> Work order
Give back each line of the data exactly as it reads, minus the pictures.

> Given information
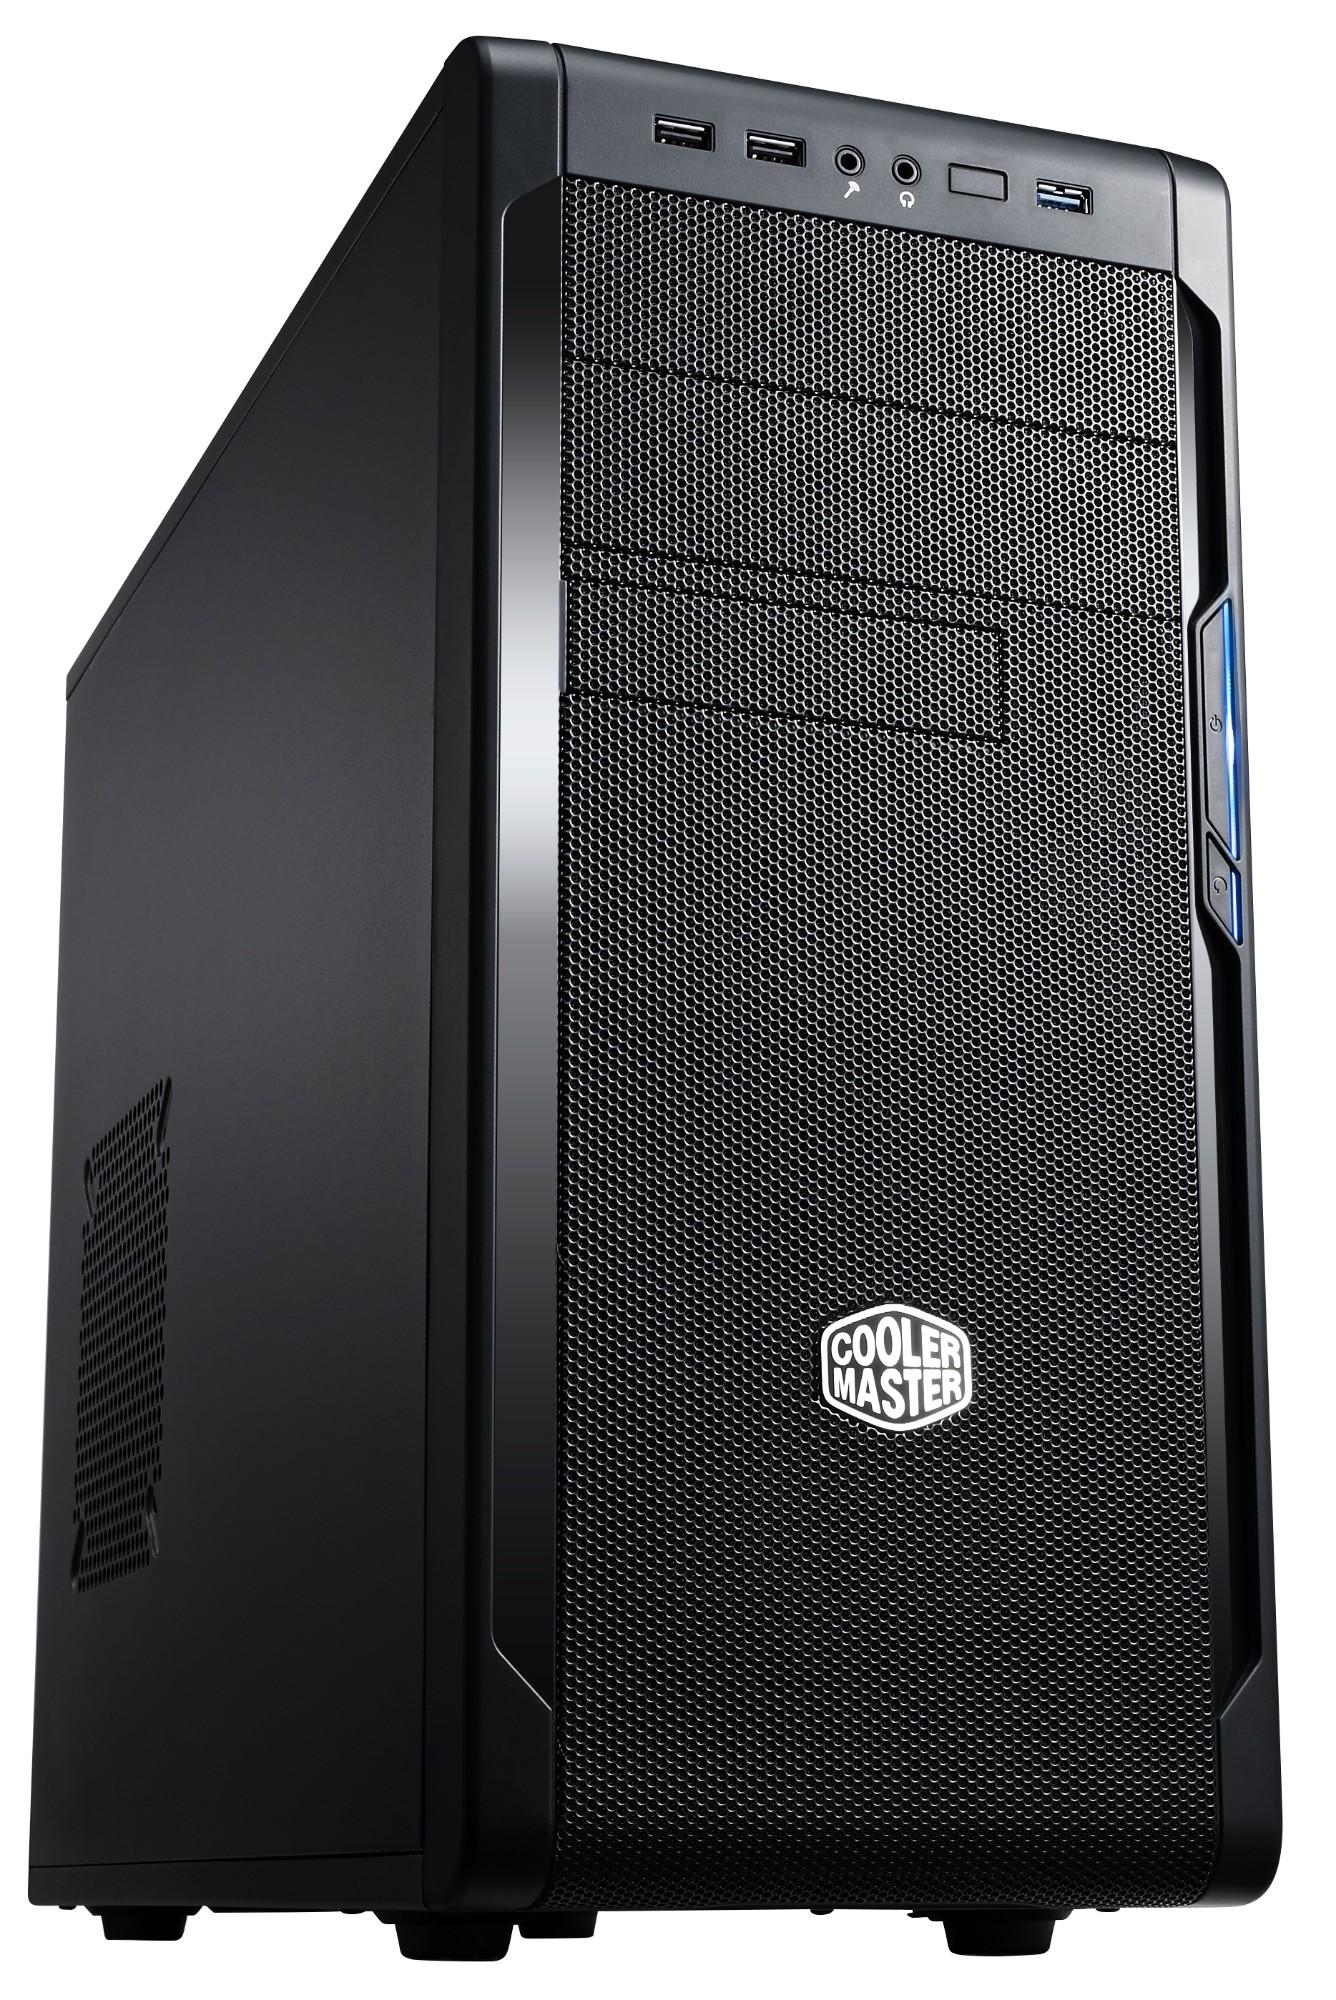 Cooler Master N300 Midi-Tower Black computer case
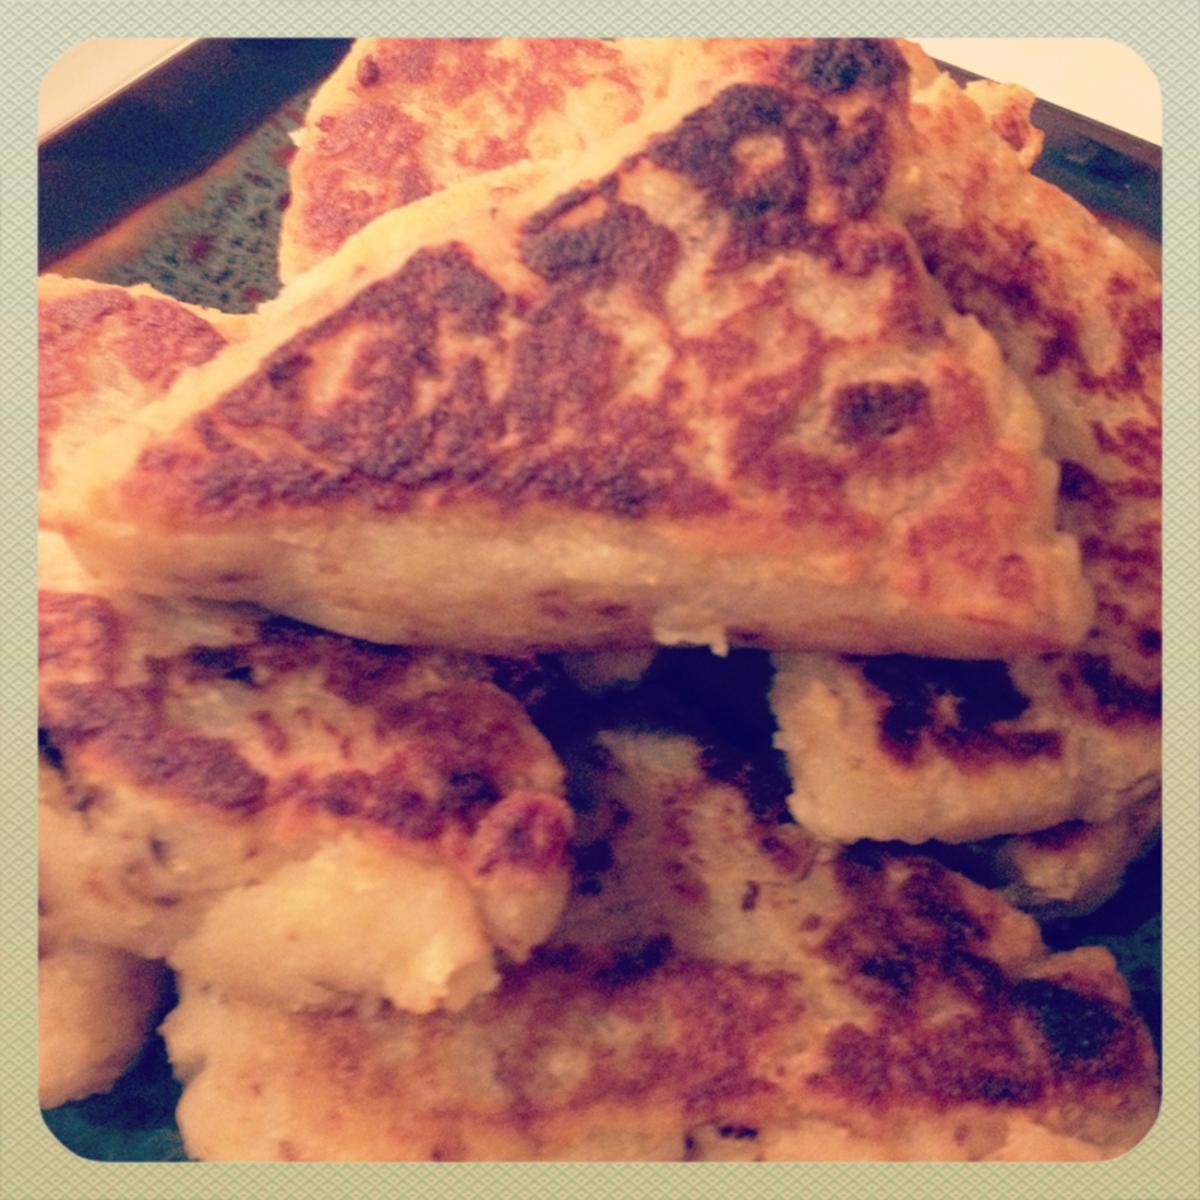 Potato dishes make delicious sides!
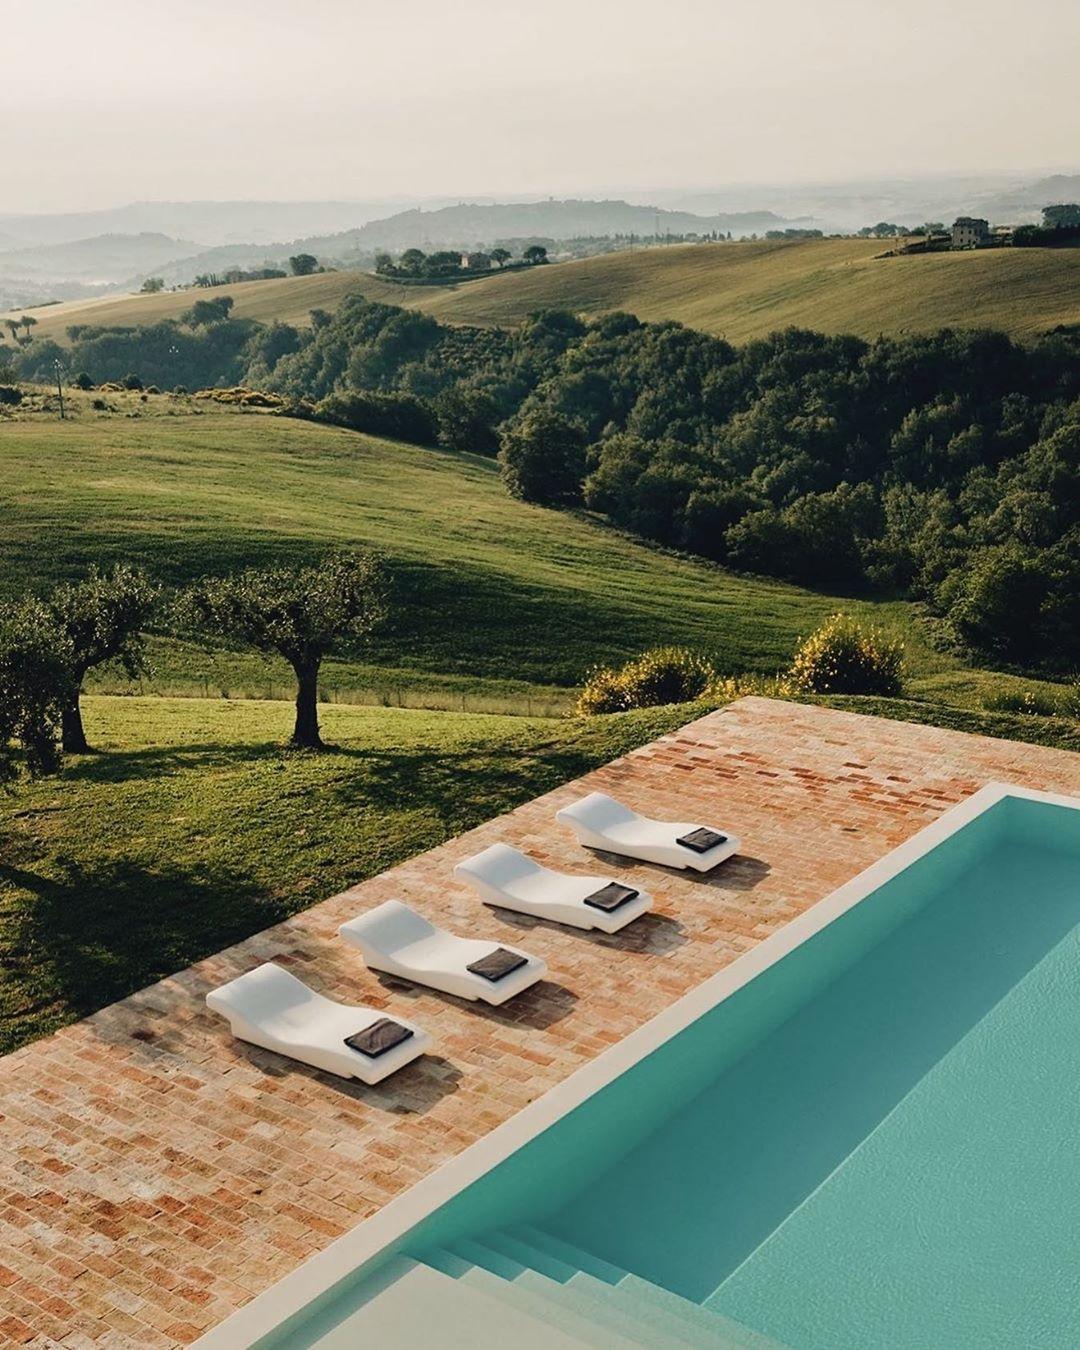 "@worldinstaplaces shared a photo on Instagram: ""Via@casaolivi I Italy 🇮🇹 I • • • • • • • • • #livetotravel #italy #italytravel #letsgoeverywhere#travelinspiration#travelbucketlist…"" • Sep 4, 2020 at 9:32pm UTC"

> Finished exercise
 Cooler Master N300 Midi-Tower Black computer case
 Potato dishes make delicious sides!
 "@worldinstaplaces shared a photo on Instagram: ""Via@casaolivi I Italy 🇮🇹 I • • • • • • • • • #livetotravel #italy #italytravel #letsgoeverywhere#travelinspiration#travelbucketlist…"" • Sep 4, 2020 at 9:32pm UTC"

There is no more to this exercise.